Checkpoint state after every turn. If the process crashes mid-task, the next process picks up from the last checkpoint. This is the only way to survive pod evictions in Kubernetes or spot instance terminations.

Failure Modes and Mitigations

Production agent systems fail in predictable ways. Here’s what breaks and how to catch it:

Failure ModeSymptomMitigation
Token budget exceededTruncated responses, incomplete tool callsEnforce budget at context assembly, reject requests that can’t fit
Tool call hallucinationAgent invents function names or argumentsValidate tool calls against schema before execution
State corruptionAgent forgets context mid-conversationCheckpoint state after every turn, validate state schema on load
Rate limit cascadeAll requests fail after one spikeImplement exponential backoff, circuit breaker per tool
Prompt driftModel update changes behaviorPin model version in config, test prompts against new versions before deploy

The 12-factor approach doesn’t prevent these failures. It makes them observable and recoverable.

Technical Verdict

Use 12-Factor Agents when you’re building customer-facing agent systems that need to survive model updates, scale horizontally, and debug non-deterministic failures.

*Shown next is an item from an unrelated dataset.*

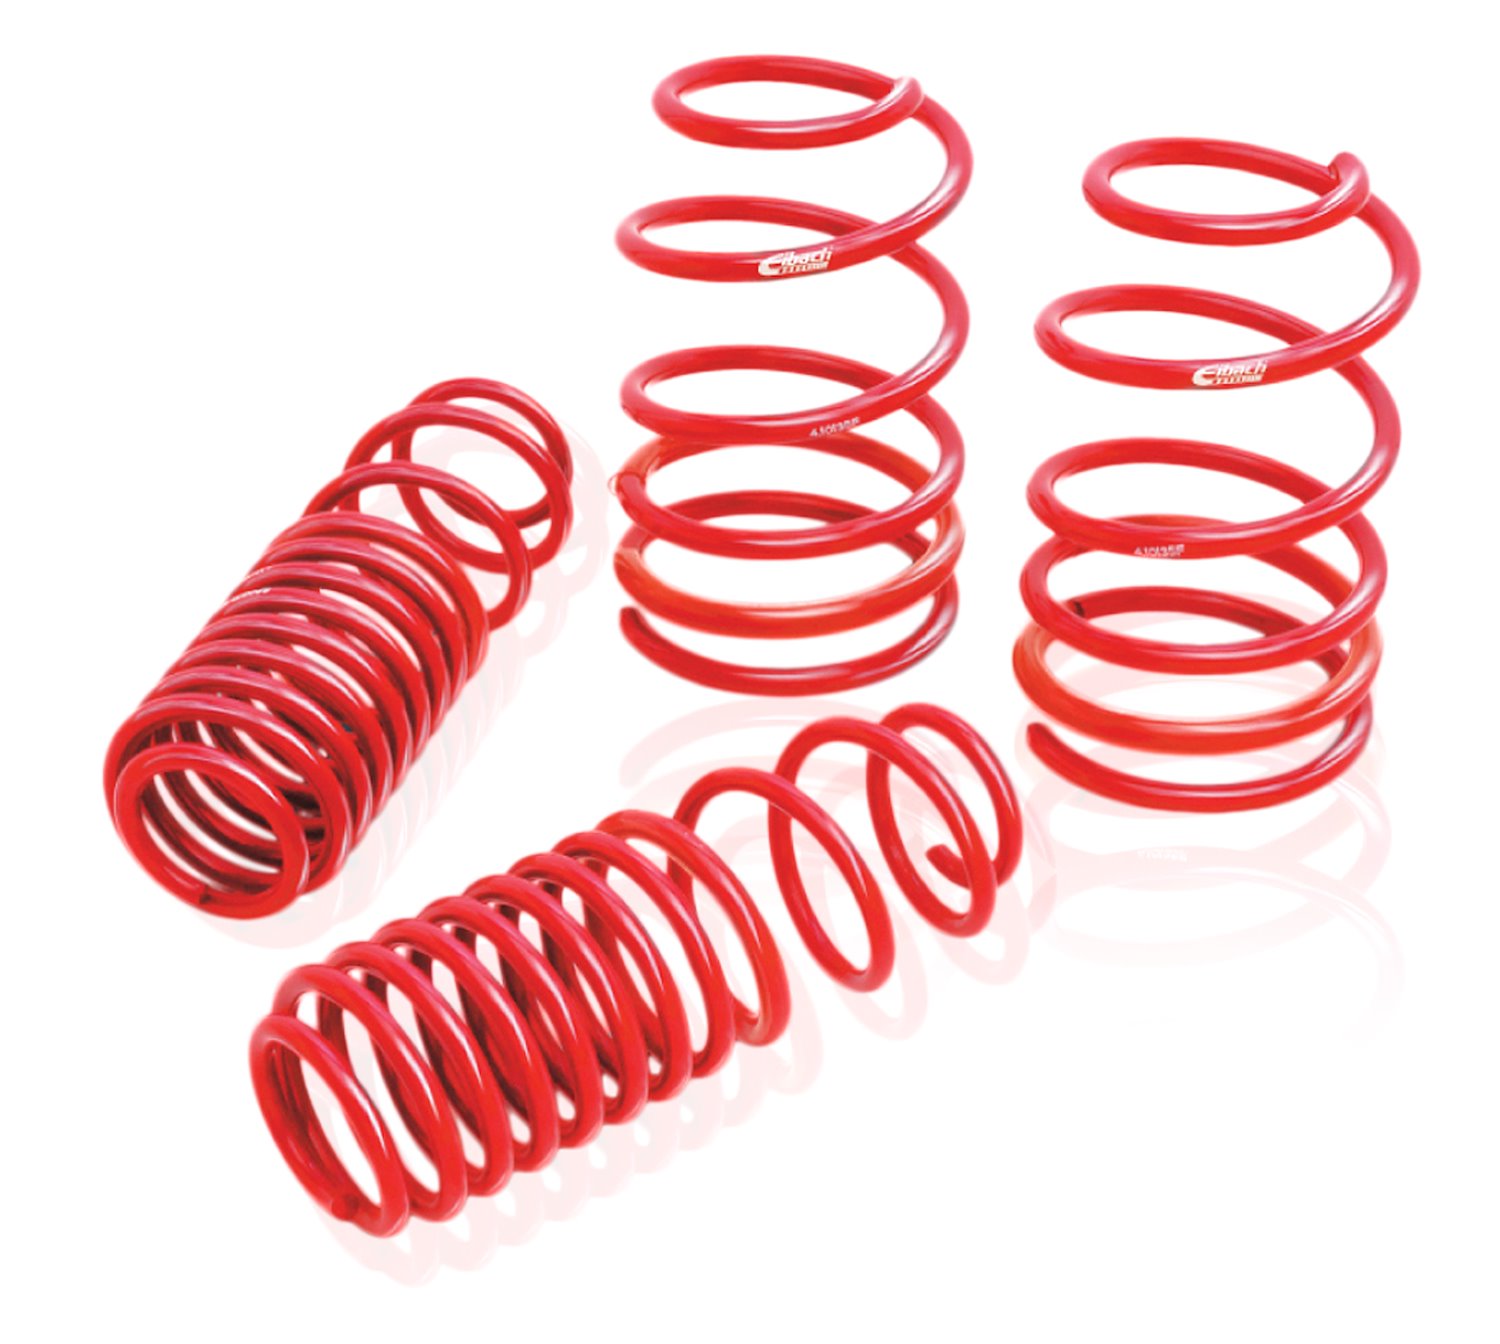 4.0782 Sportline Extreme Lowering Springs 1990-99 Toyota Celica - 1.5" Front/Rear Drop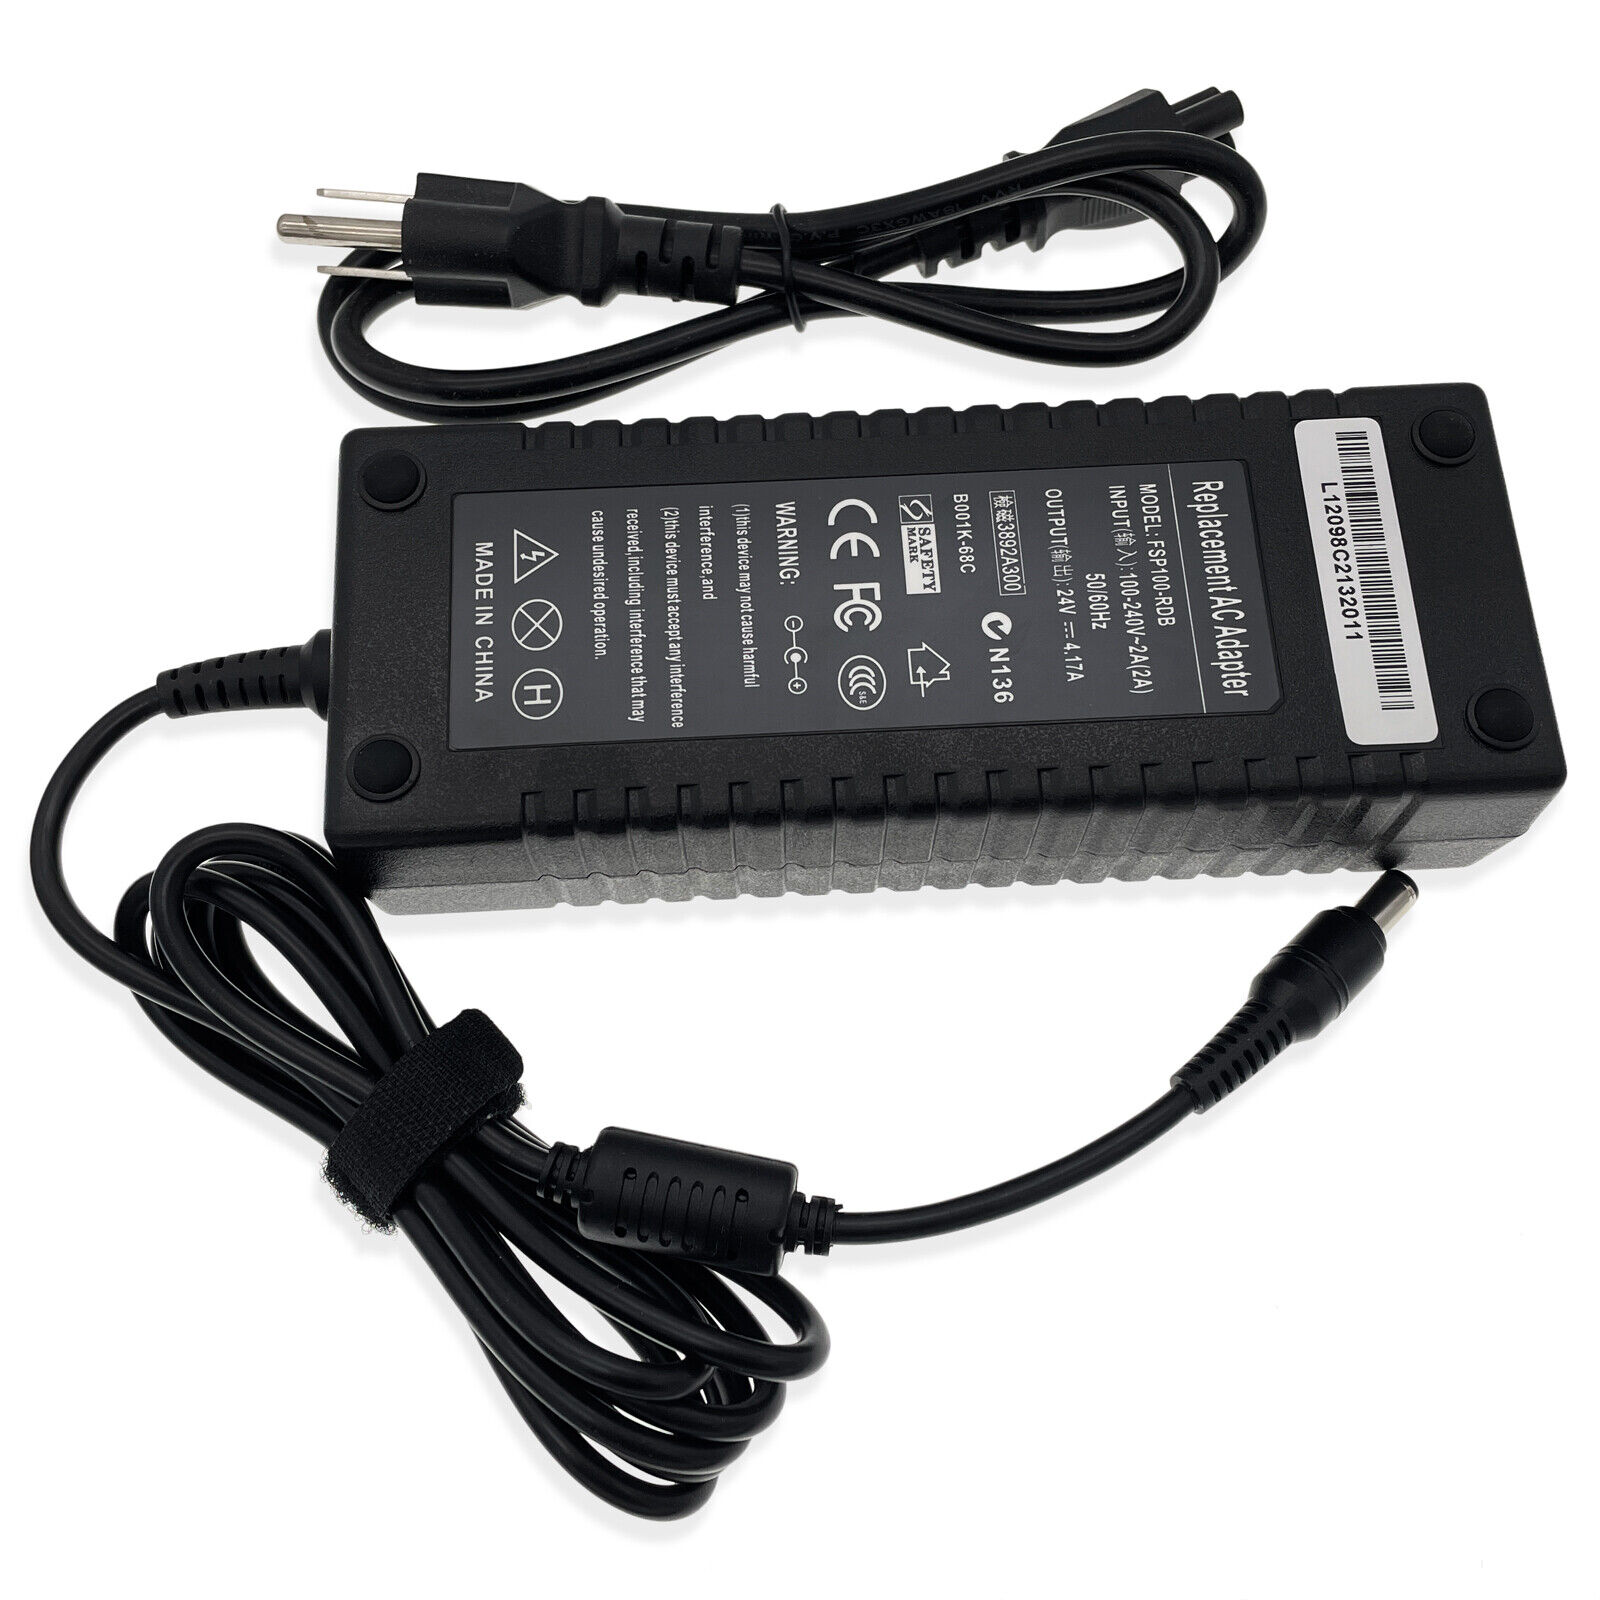 New AC Power Adapter Charger For Zebra GX420D GX420T GX430T Printer FSP100-RDB Brand Unbranded Color Black Compatible

The methodology is overkill for internal tools or proof-of-concept demos.

When to adopt:

  • You’re rolling your own orchestration layer because frameworks don’t fit
  • You need to version prompts and tools independently of code deploys
  • You’re debugging production failures that don’t reproduce in dev
  • You’re scaling beyond a single process and need stateless execution

When to skip:

  • You’re prototyping and iteration speed matters more than reliability
  • Your agent runs in a controlled environment with fixed inputs
  • You’re using a framework that already enforces these principles (rare)

The real value is the checklist. Most teams discover these principles the hard way, after the first production incident. Starting with explicit context budgets, tool versioning, and state checkpointing saves you from rebuilding the orchestration layer six months in.